While highlighting the sharp declines in the financial assets held by the rich Americans and their consequent loss of wealth and income, the article does not shed much light on whether the incomes of the non-rich have increased or remained stagnant. In light of the economic recession that followed the bursting of the asset bubbles, it may not be incorrect to claim that the incomes of the remaining Americans too have either declined or at best remained stagnant. In the present crisis, the economic crisis that followed has badly affected all others too, with the severest impact, in relative terms, being felt by the poor.
After all, it is one thing for your income to drop from $10 million to $ 1 million, and an altogether different thing for it to drop from $10,000 to $8000. In substantive terms, the rich have been forced to cut on their luxury purchases, while the poor have been squeezed on their basic needs. Being forced to auction off your summer retreat or luxury yatch is qualitatively different from being forced out into the streets.
However, in any recession, especially that induced by a crash in asset values, the rich, being the most exposed to such markets, will be more adversely affected than the poor. Jonathan Parkerand Annette Vissing-Jorgensen have found in a recent NBER working paper, the incomes of the affluent tend to fall more, in percentage terms, in recessions than the incomes of the middle class, and those of the very affluent — the top one ten-thousandth — fall the most.
Though the falling incomes of the rich may have narrowed inequality, the stagnant incomes of the rest of the population may have left the economy with the worst of both worlds. On the one hand, the falling incomes of the rich will quickly translate into lower tax revenues, fall in consumption spending and decreased philanthropic activity, all of which will act to further depress aggregate demand and the economy. On the other hand, the poor do not benefit by any increase in their incomes and bear the brunt of the depressed economic activity. Of course, there is a strong and well-established case that narrowing inequality is good by itself, in so far as it slows down the entrenched and institutionalized discrimination that comes with the concentration of economic and political power among a relatively small group.

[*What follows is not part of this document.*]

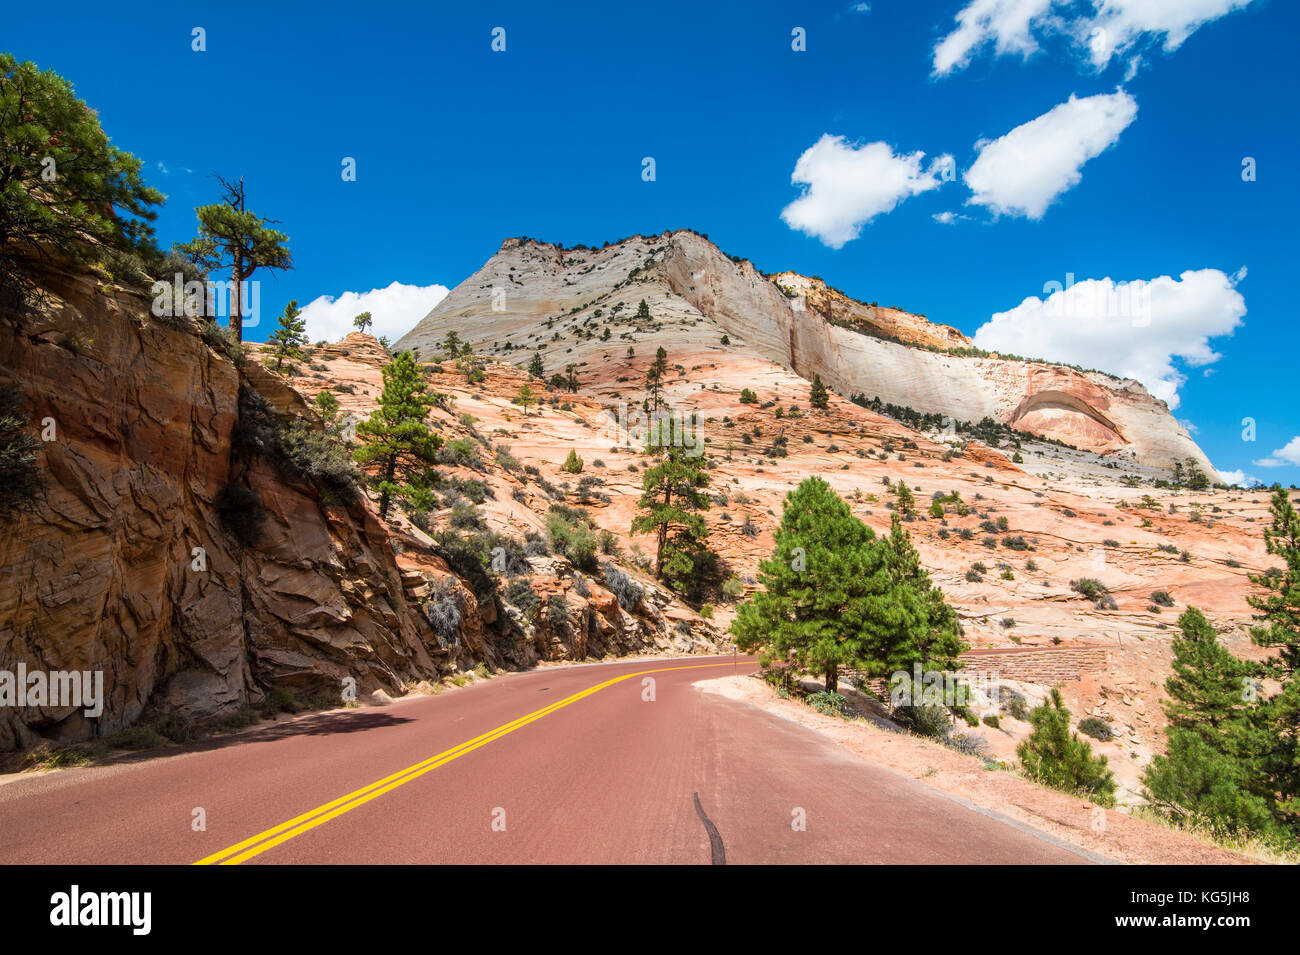 Road leading through the Zion National Park, Utah, USA Stock Photo

The Times article points to Mohamed A. El-Erian, chief executive of Pimco, one of the largest bond traders in the US, who describes the spectacular asset bubble of the last twenty years since 1987 thus, "We are coming from an abnormal period where a tremendous amount of wealth was created largely by selling assets back and forth... You had wealth creation that could not be tied to the underlying economy and the benefits were very skewed: they went to the assets of the rich. It was financial engineering."
Emmanuel Saez and Thomas Piketty have used the IRS income data from the late seventies to 2007 and found that the cutoff to qualify for the highest-earning one ten-thousandth of households jumped from roughly $2 million, in inflation-adjusted, pretax terms to $11.5 million and the cutoff to be in the top 1 percent doubled to roughly $400,000. In contrast, pay at the median — which was about $50,000 in 2007 — rose less than 20 percent, and at the bottom of the income distribution, the increase was a mere 12 percent.
In 2007, the top one ten-thousandth of households took home 6 percent of the nation’s income, up from 0.9 percent in 1977, and the highest such level since at least 1913, the first year for which the IRS has data, and the top 1 percent of earners took home 23.5 percent of income, up from 9 percent three decades earlier. Further, since 1980, tax rates on the affluent have fallen more than rates on any other group, as the graphic below shows.
The census data for 2008 shows that poverty increased, median household income fell, and the percentage of Americans with employer-based health coverage continued to decline in 2008. The poverty rate rose to 13.2 percent, its highest level since 1997. The number of people in poverty hit 39.8 million, the highest level since 1960. It also finds that the $787 bn ARRA has helped keep atleast 6 million Americnas out of poverty. The official poverty rate rose in 2008 to 13.2 percent, from 12.5 percent in 2007.
Analysing the IRS data, Thomas Piketty and Emmanuel Saez find that two-thirds of America's total income gains from 2002 to 2007 flowed to the top 1 percent of U.S. households, and that top 1 percent held a larger share of income in 2007 than at any time since 1928.
Economix finds two distrubing trends - economic growth in the current decade has been slower than in any decade since before World War II; and inequality has risen sharply that so much of the bounty from our growth has gone to a relatively small slice of the population. The result has been a decade with no real income gains for the median household for the decade ending 2008.
And here are a series of excellent graphics from the census report.
From Economist and Emmanuel Saez.
Update 3 (14/4/2010)
David Leonhardt debunks the conservative arguement that rich Americans pay a disproportionately high tax rate and that American tax system is highly progressive here, here and here. Taking all taxes (and not just federal income taxes) - other federal taxes like payroll taxes and capital gains taxes, state and local government taxes (which are mostly indirect taxes and lot less progressive) - into account, it becomes clear that American tax system is not as progressive as being claimed and that the rich are those most benefitted by the taxation system. He writes
"Add it all up, and you can see why the wealthy are paying a greater share of federal taxes even though they are paying less tax on each dollar they earn. They’re simply making many more dollars than they used to."